■ WHAT YOU HAVE TO DO
As you work through the listing below, copy each line exactly and drop the images.

SUPPLIED MATERIAL Start Marker

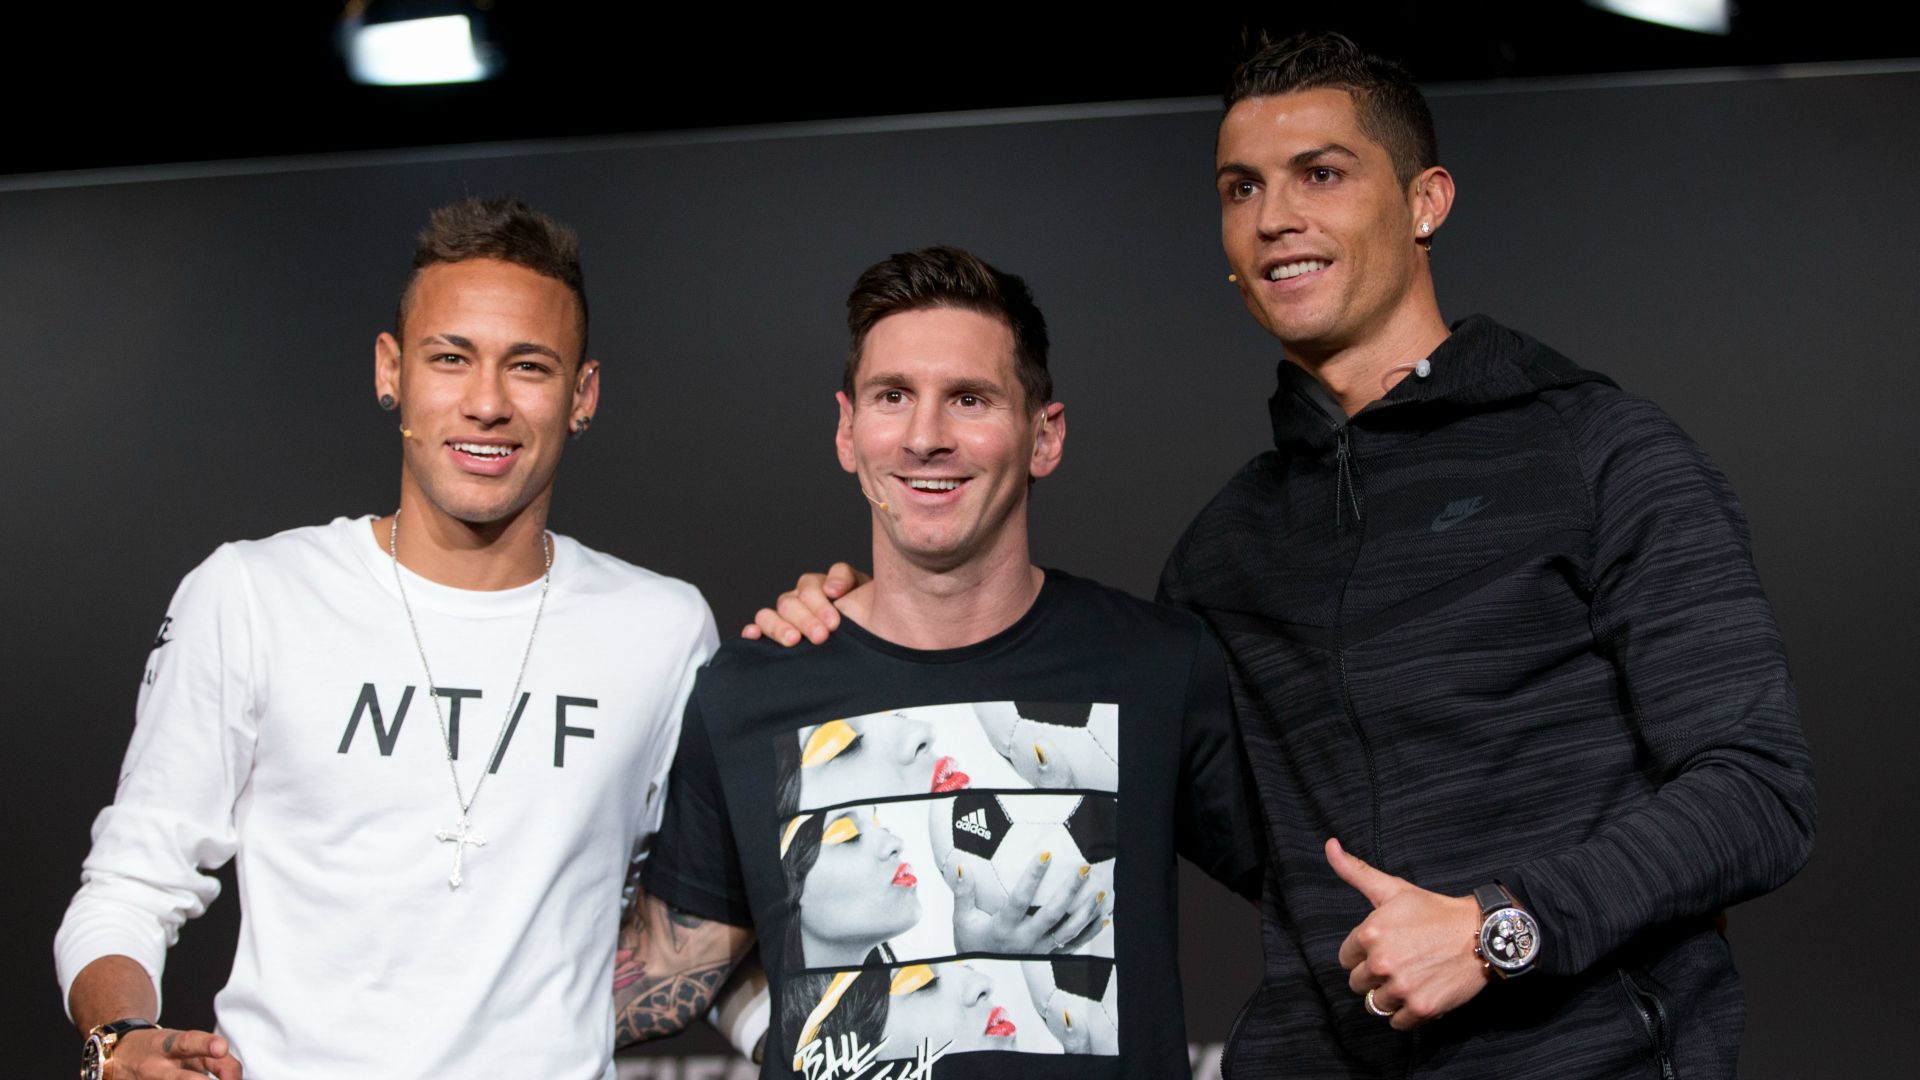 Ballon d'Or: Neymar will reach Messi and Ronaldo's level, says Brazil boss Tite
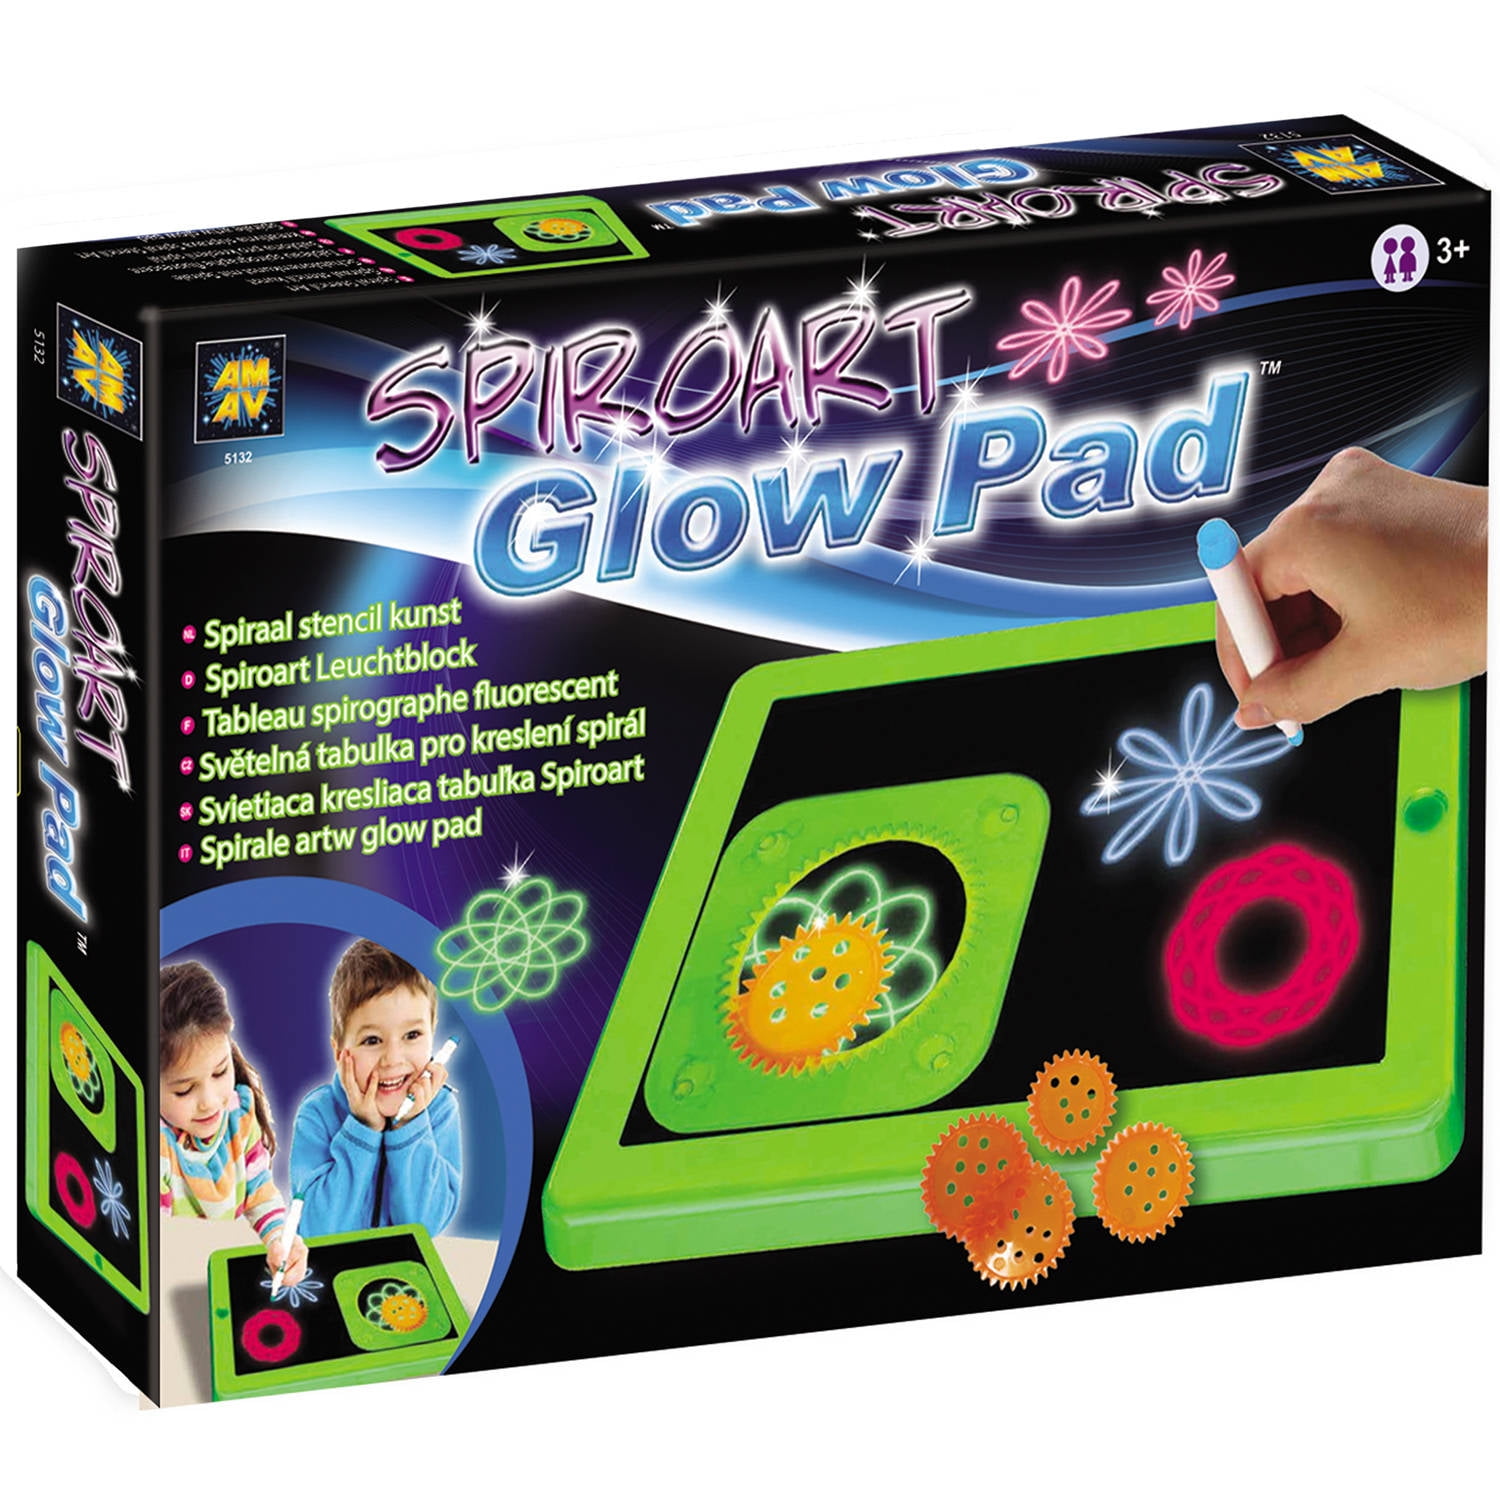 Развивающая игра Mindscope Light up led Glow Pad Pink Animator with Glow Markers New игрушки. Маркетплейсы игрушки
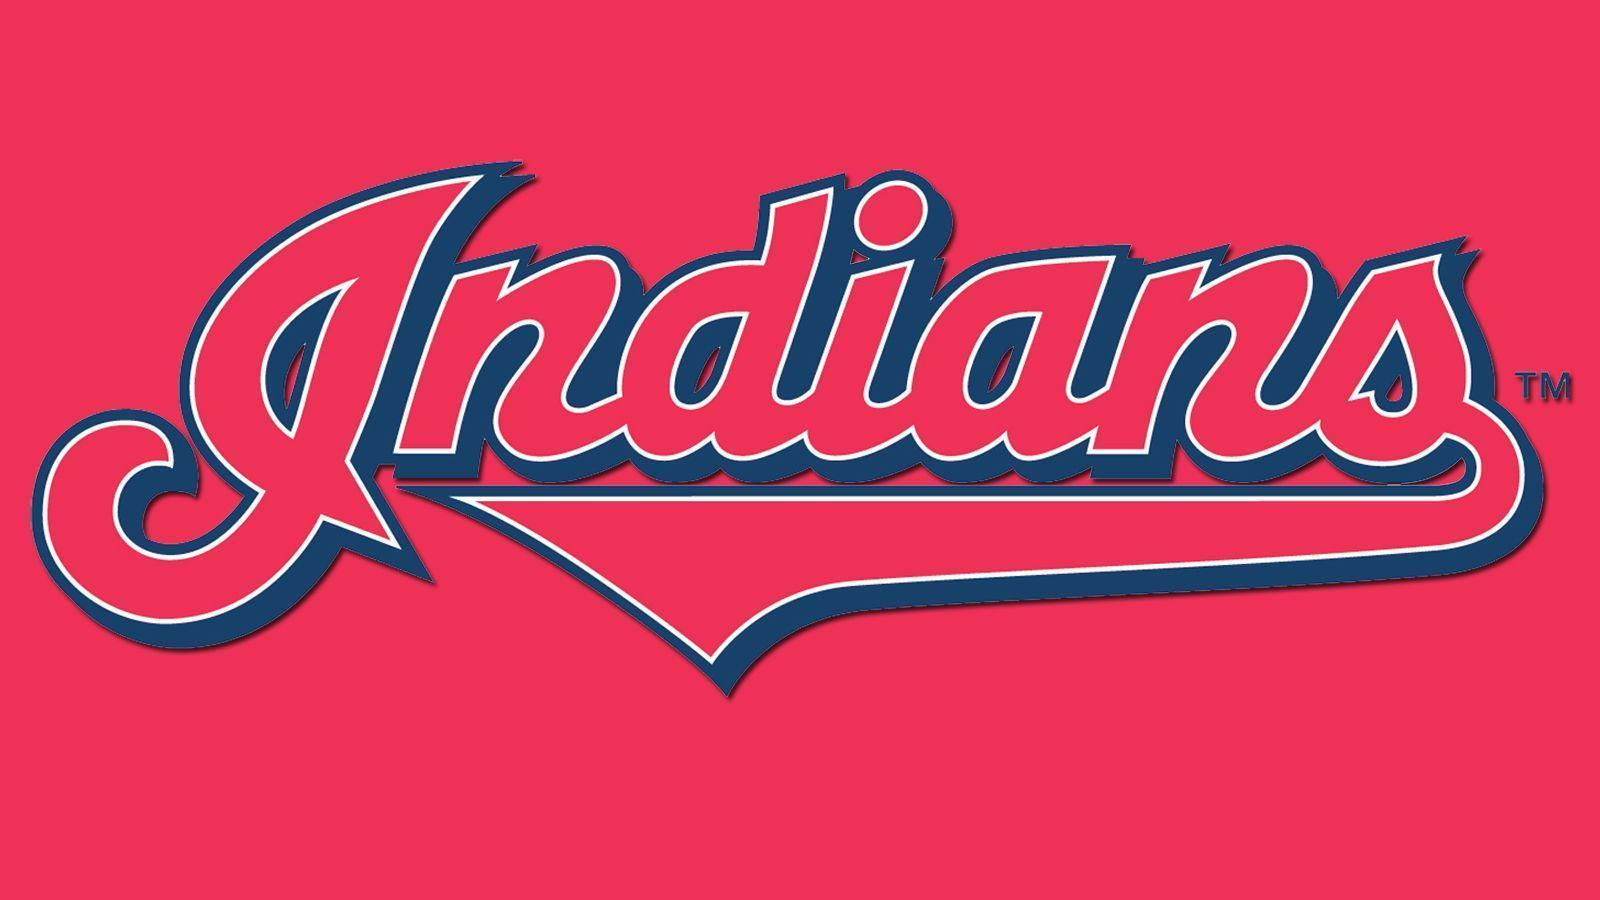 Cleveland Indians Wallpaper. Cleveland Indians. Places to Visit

SUPPLIED MATERIAL End Marker

■ SOLUTION TO THE EXERCISE
 Ballon d'Or: Neymar will reach Messi and Ronaldo's level, says Brazil boss Tite
 Развивающая игра Mindscope Light up led Glow Pad Pink Animator with Glow Markers New игрушки. Маркетплейсы игрушки
 Cleveland Indians Wallpaper. Cleveland Indians. Places to Visit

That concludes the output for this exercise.